Actually, the price has gone up as of today. China has passed a law banning galvanization factories. There is a shortage of galvanized cloth everywhere right now and it is difficult to find and expensive. We pay $1.80 per square foot for it and we buy it in bulk 4 foot x 100 foot rolls, so get it about as cheap as you can. Our most recent order of it which we ordered yesterday cost us $568 for the roll plus $140 in shipping. So our prices are going up on the hardware cloth as well. This particular cloth is a very heavy cloth, as in you can bend it, but its not easy. It weighs around a half a pound per square foot.

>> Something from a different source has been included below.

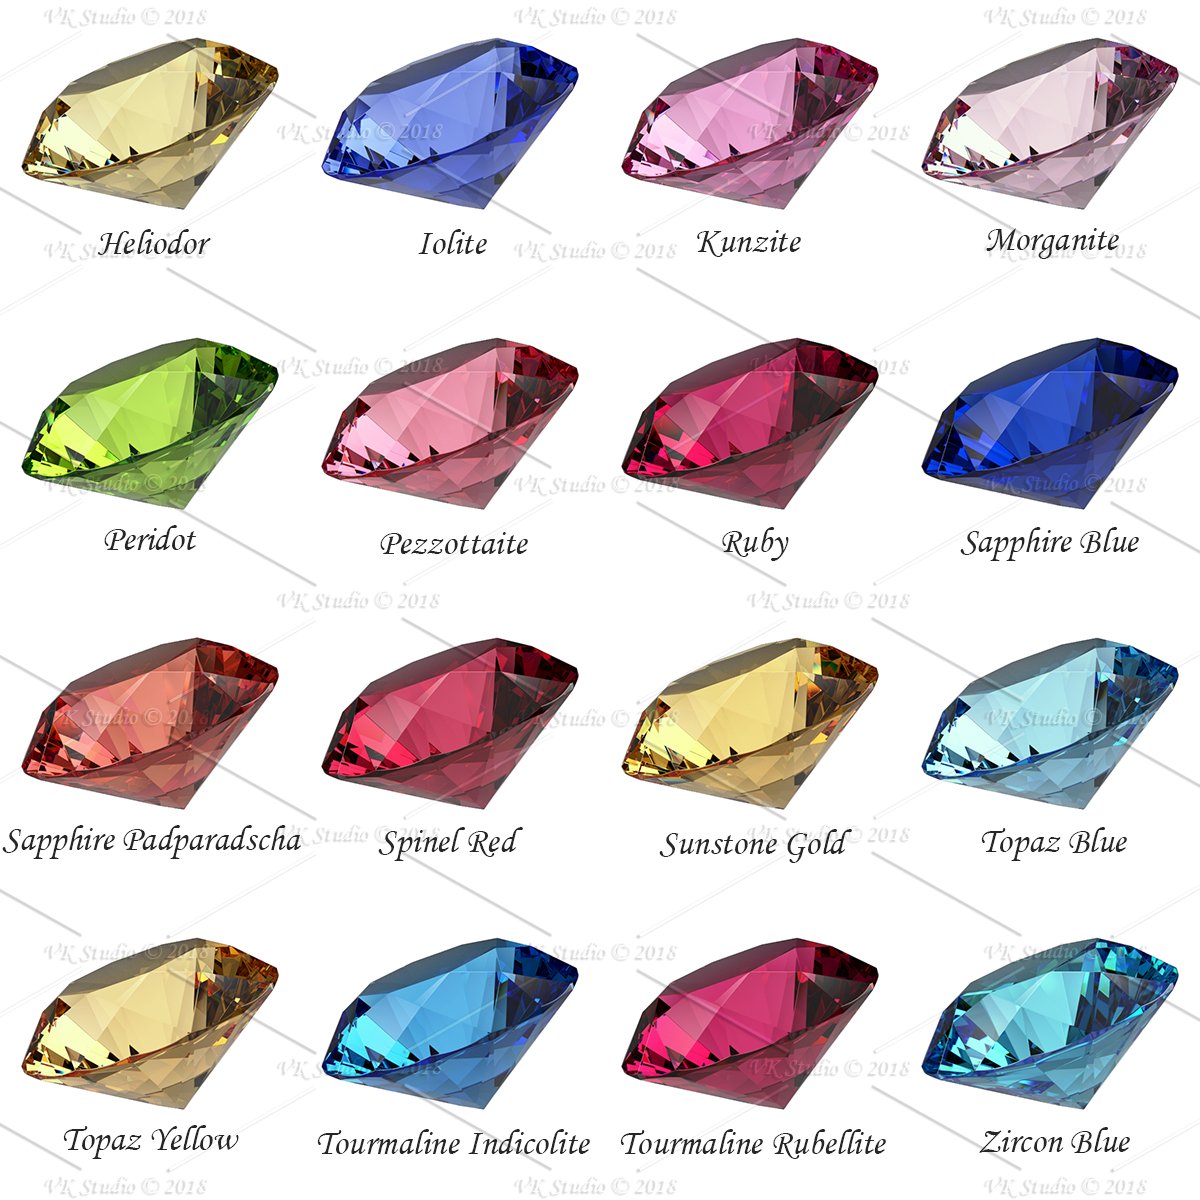 2 gemstones part2 689

So we still carry it, as we have several rolls in stock, but the price is reflective of the current market value of galvanized steel and the difficulty in getting it. We are currently looking at suppliers in other countries such as india since China has outlawed the production of galvanized steel. 

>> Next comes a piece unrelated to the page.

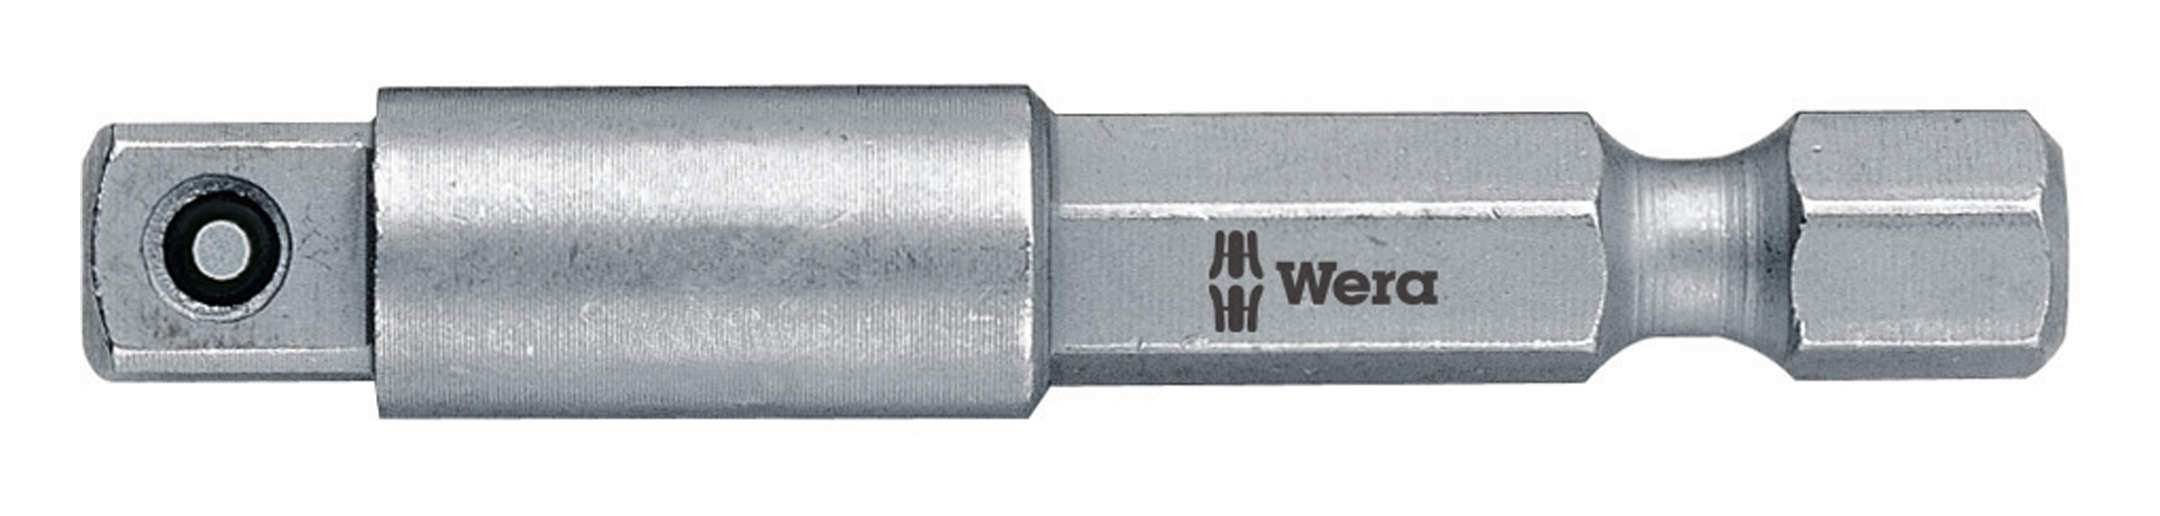 Einsatz Wera Adapter 1/4" für Steckschlüssel, 1/4" 50 mm

you can find it here: https://www.funnybugbees.com/the-bee-shop/beekeeping-supplies/hardware


----------



## DerTiefster (Oct 27, 2016)

Now, realize that I'm a kludge artist from 'way back. But none of you seem to be considering that as-purchased hardware cloth is made and sold with square(ish) mesh. And that that mesh does not _have_ to stay square. Anyone familiar with "expanded metal"? Just diagonalize that material starting with #4, and you'll have something that bees can't get through and beetles can. Re-form it and it will stay that shape. Then cut it to fit your application. Get clever enough and you can cut to (some appropriate size) and then stretch it to "correct fit."

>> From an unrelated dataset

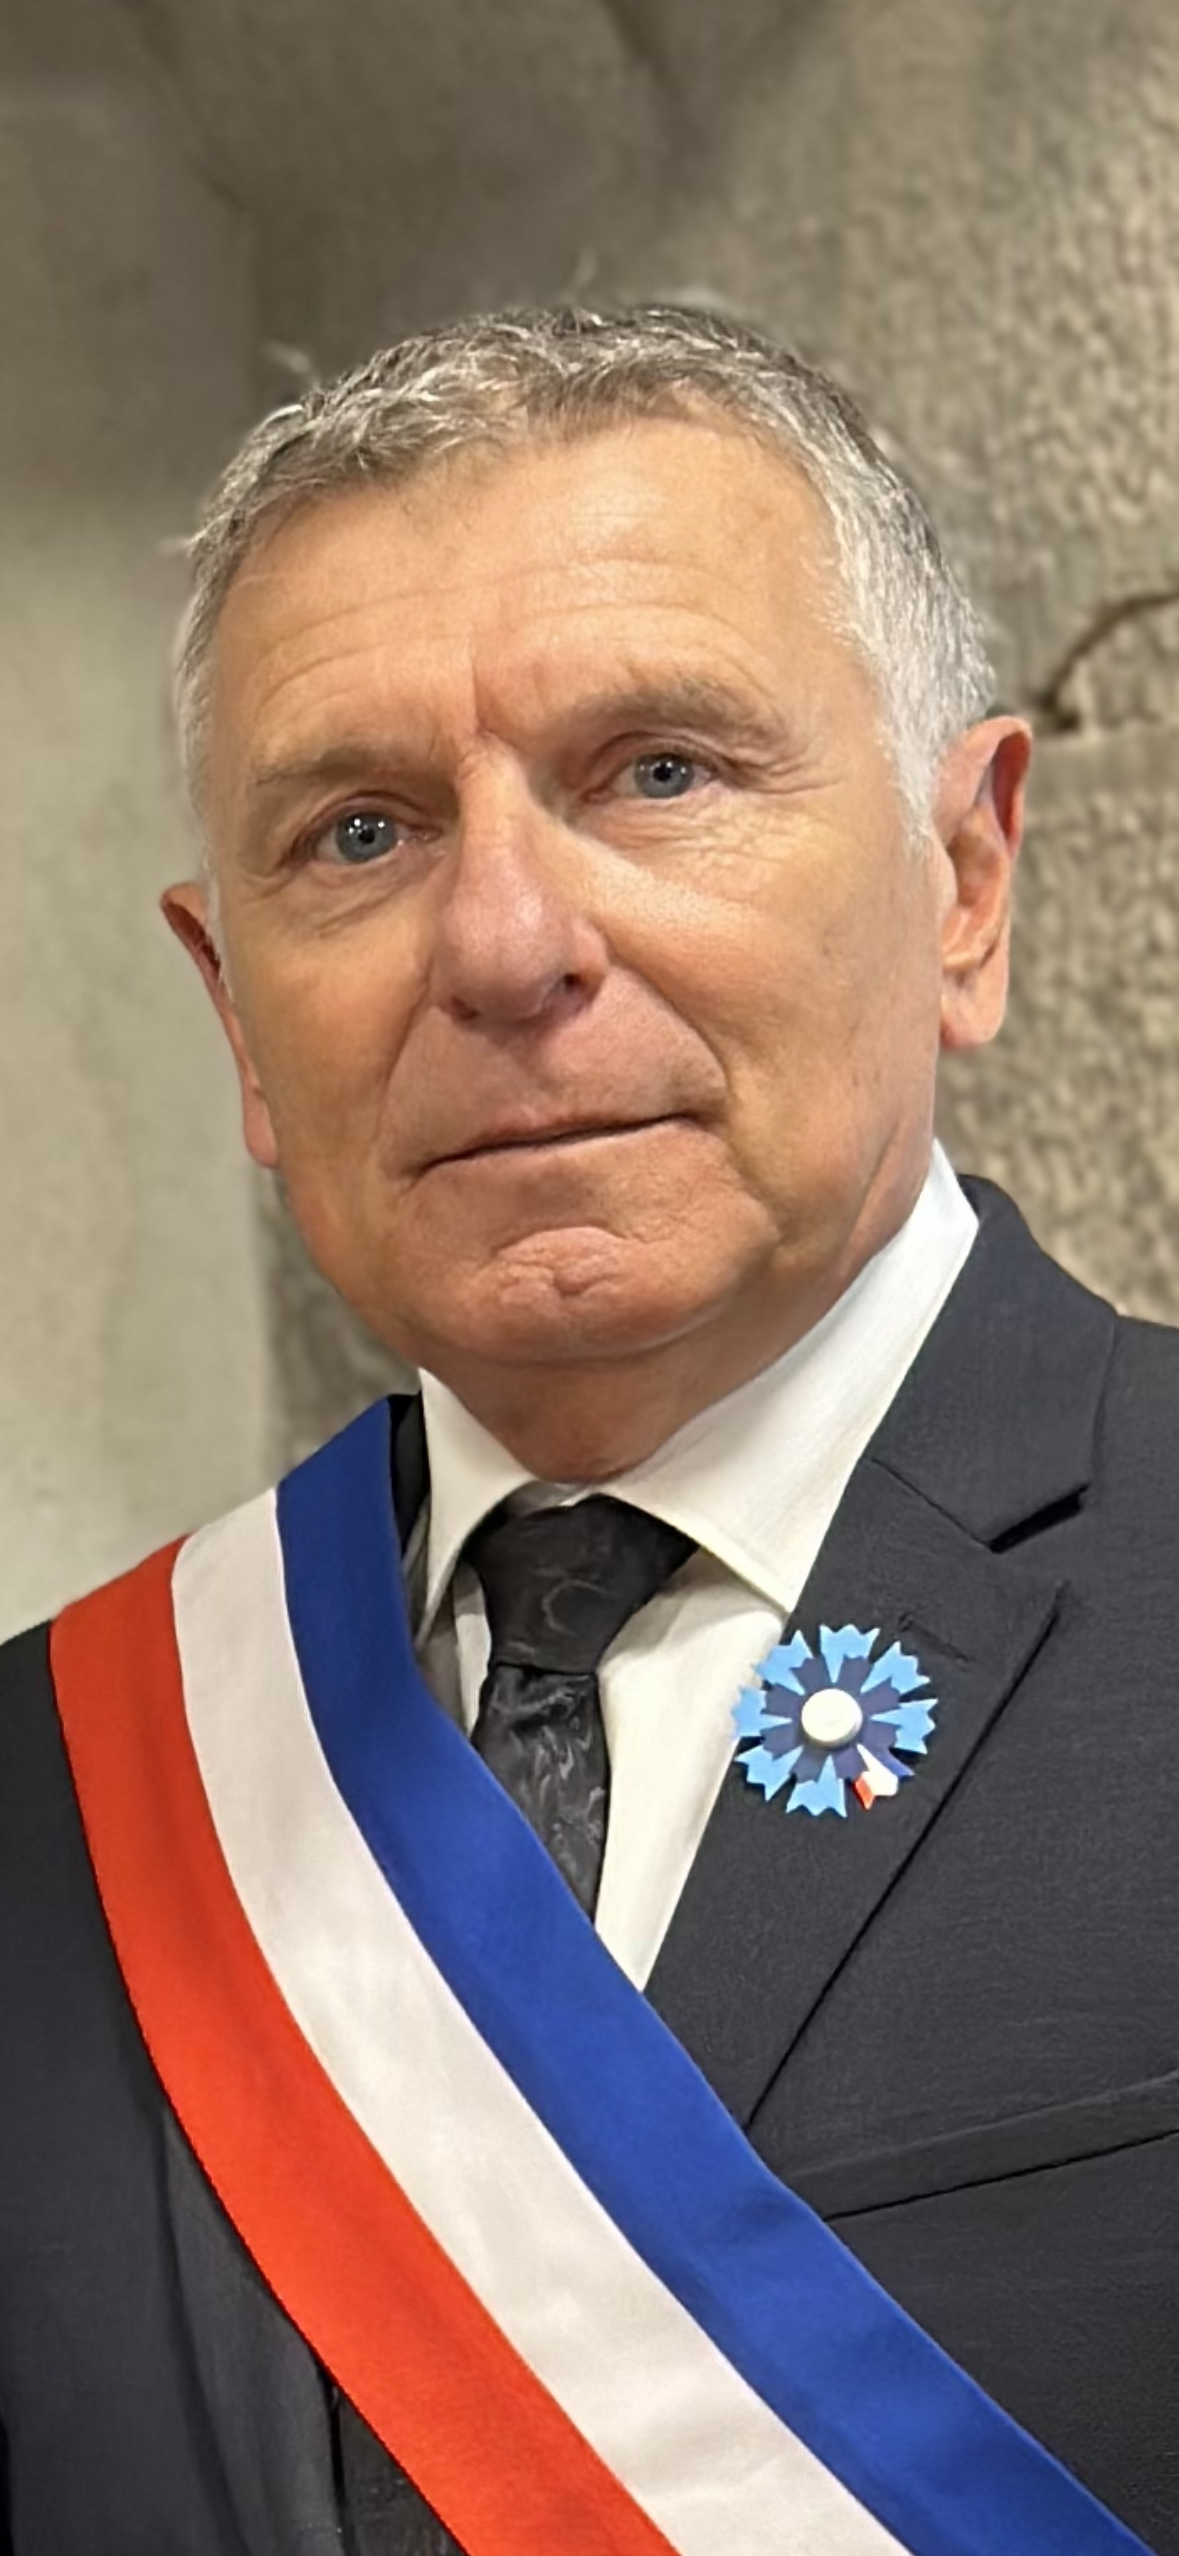 Michel Gros - maire - La Roquebrussanne .PNG (8.28 MB)

Or so it seems to me. Of course, others may have a different definition of artist. Technique has an interesting etymology. Look it up sometime.


----------



## FunnyBugBees (Feb 19, 2017)

DerTiefster said:


> Now, realize that I'm a kludge artist from 'way back. But none of you seem to be considering that as-purchased hardware cloth is made and sold with square(ish) mesh. And that that mesh does not _have_ to stay square. Anyone familiar with "expanded metal"? Just diagonalize that material starting with #4, and you'll have something that bees can't get through and beetles can. Re-form it and it will stay that shape. Then cut it to fit your application. Get clever enough and you can cut to (some appropriate size) and then stretch it to "correct fit."
> 
> Or so it seems to me. Of course, others may have a different definition of artist. Technique has an interesting etymology. Look it up sometime.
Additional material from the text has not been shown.